Instructions for the task: What is needed is an exact transcription of the listing, with the images removed.

═════ Information provided ═════

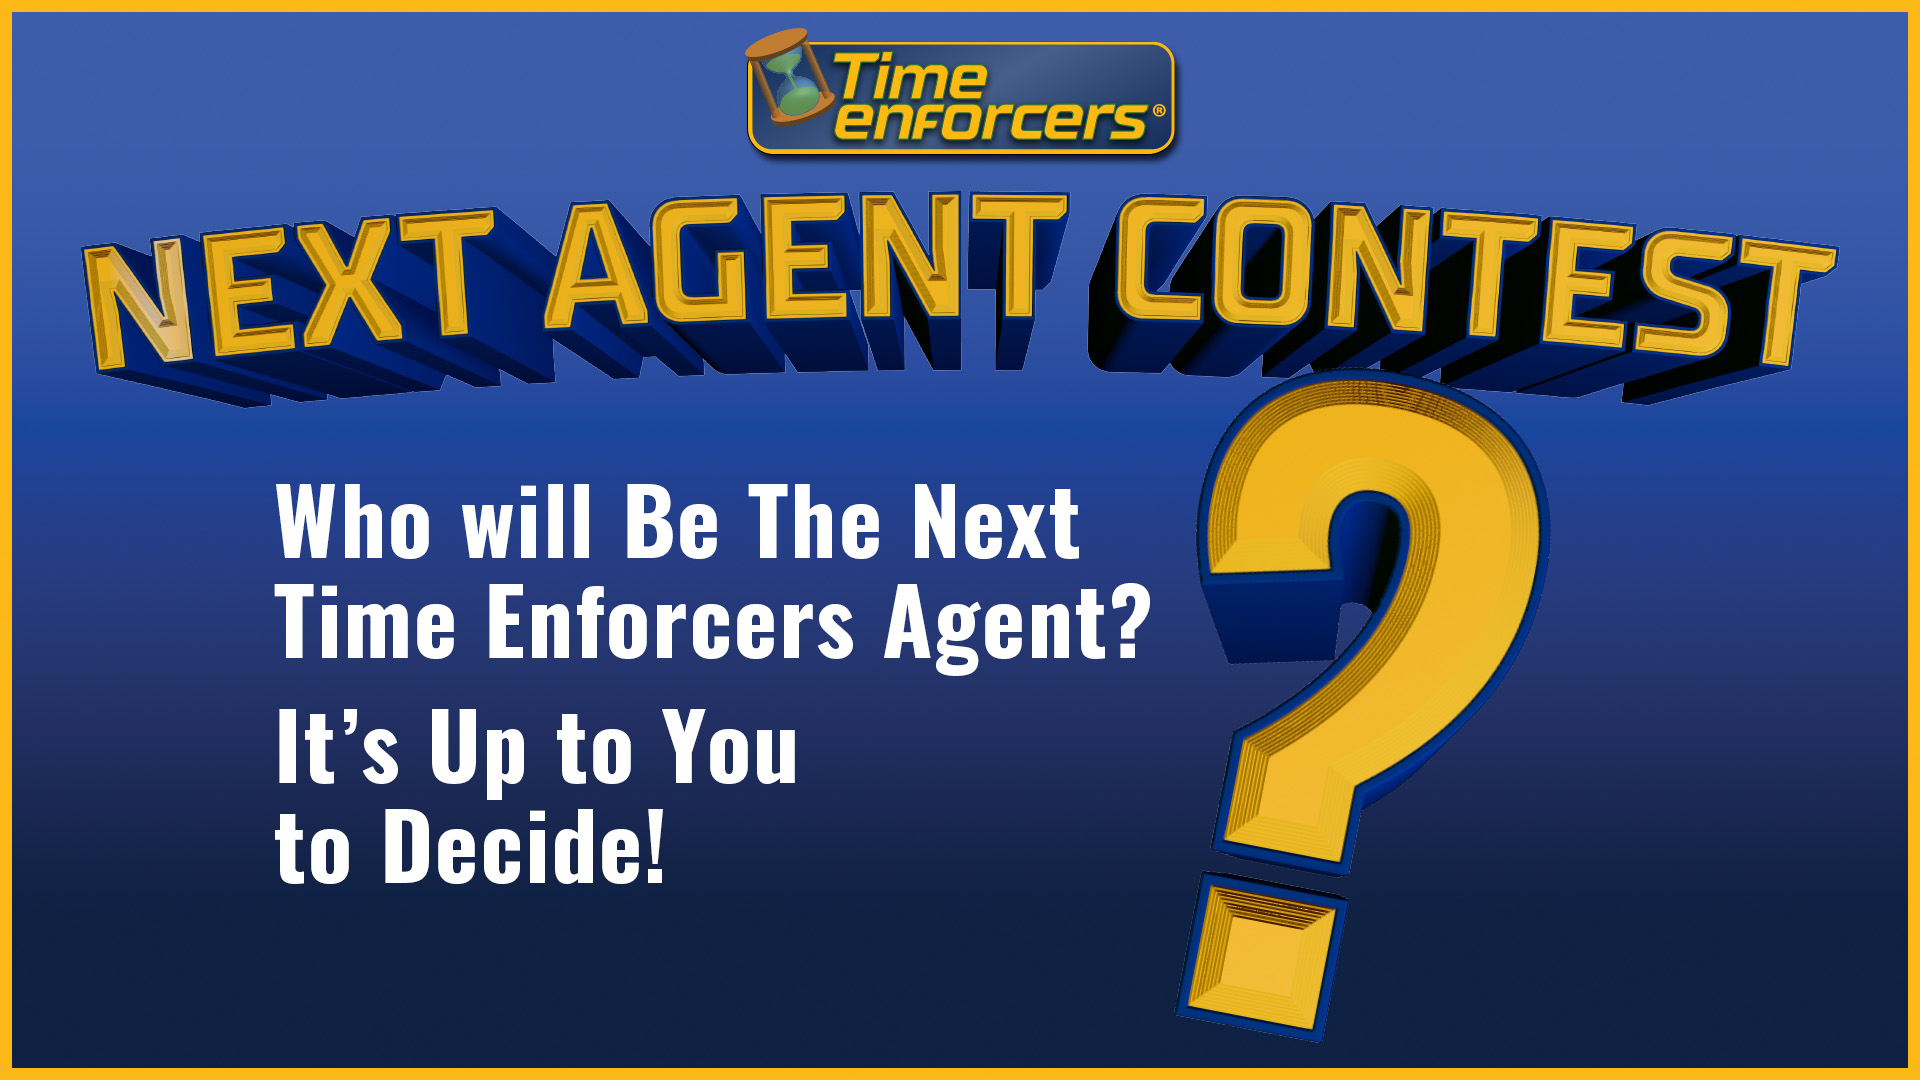 Who will be the Next Time Enforcers Agent
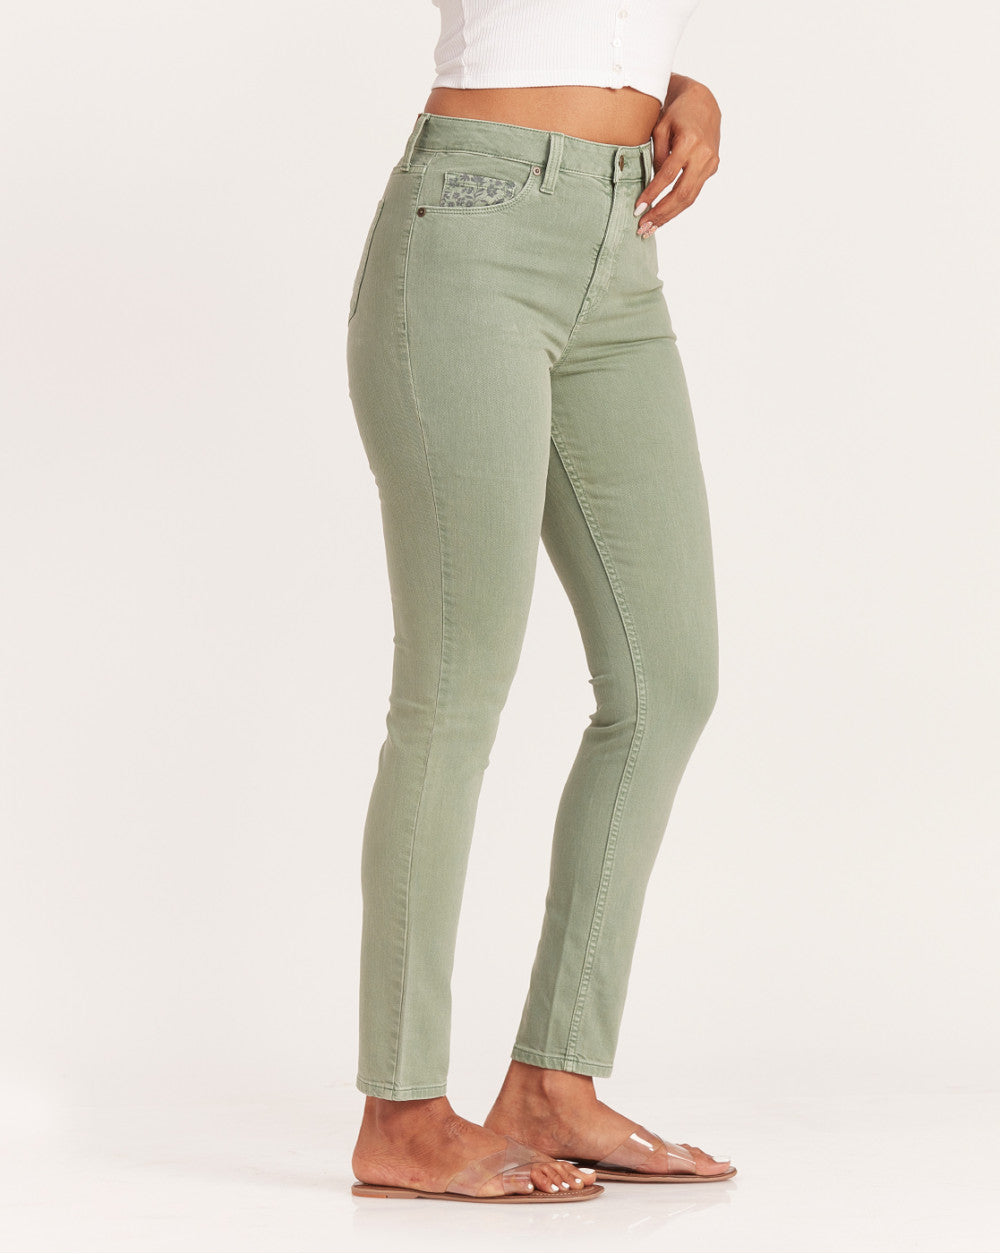 Skinny Fit High Waist Colored Jeans - Washed Jade
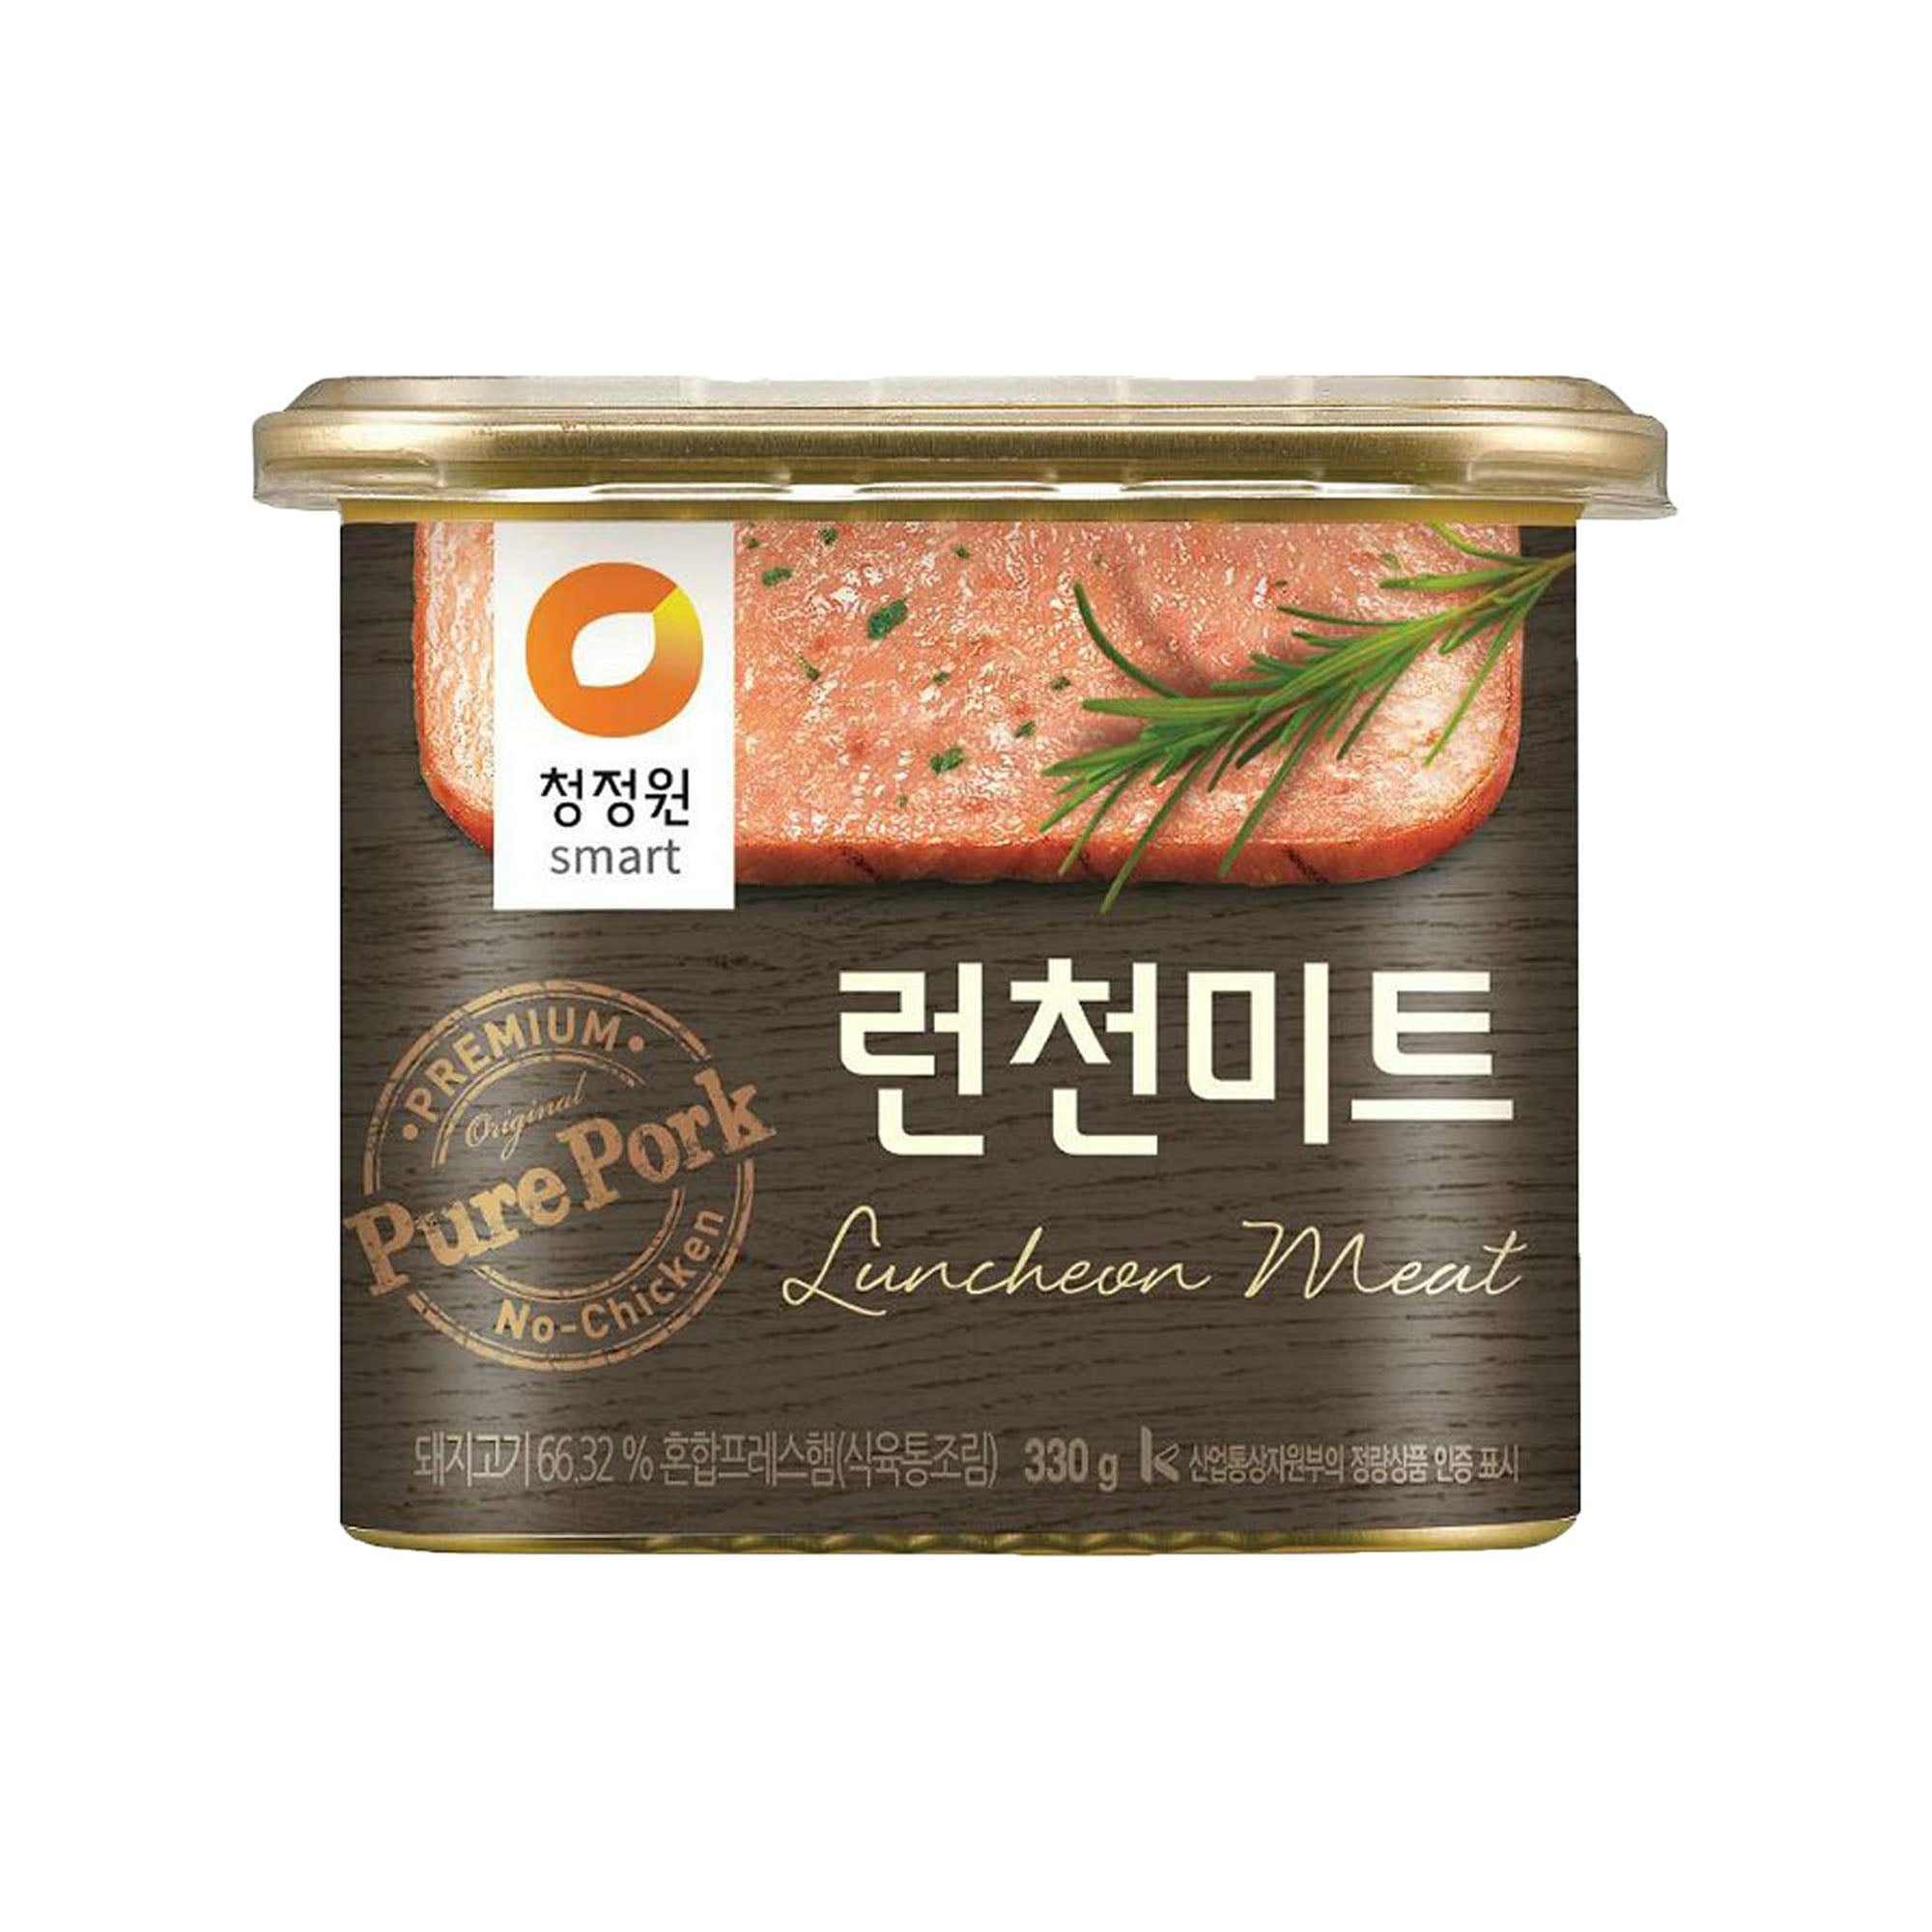 Luncheon Meat 런천미트

═════

Response to the task:
 Who will be the Next Time Enforcers Agent
 Skinny Fit High Waist Colored Jeans - Washed Jade
 Luncheon Meat 런천미트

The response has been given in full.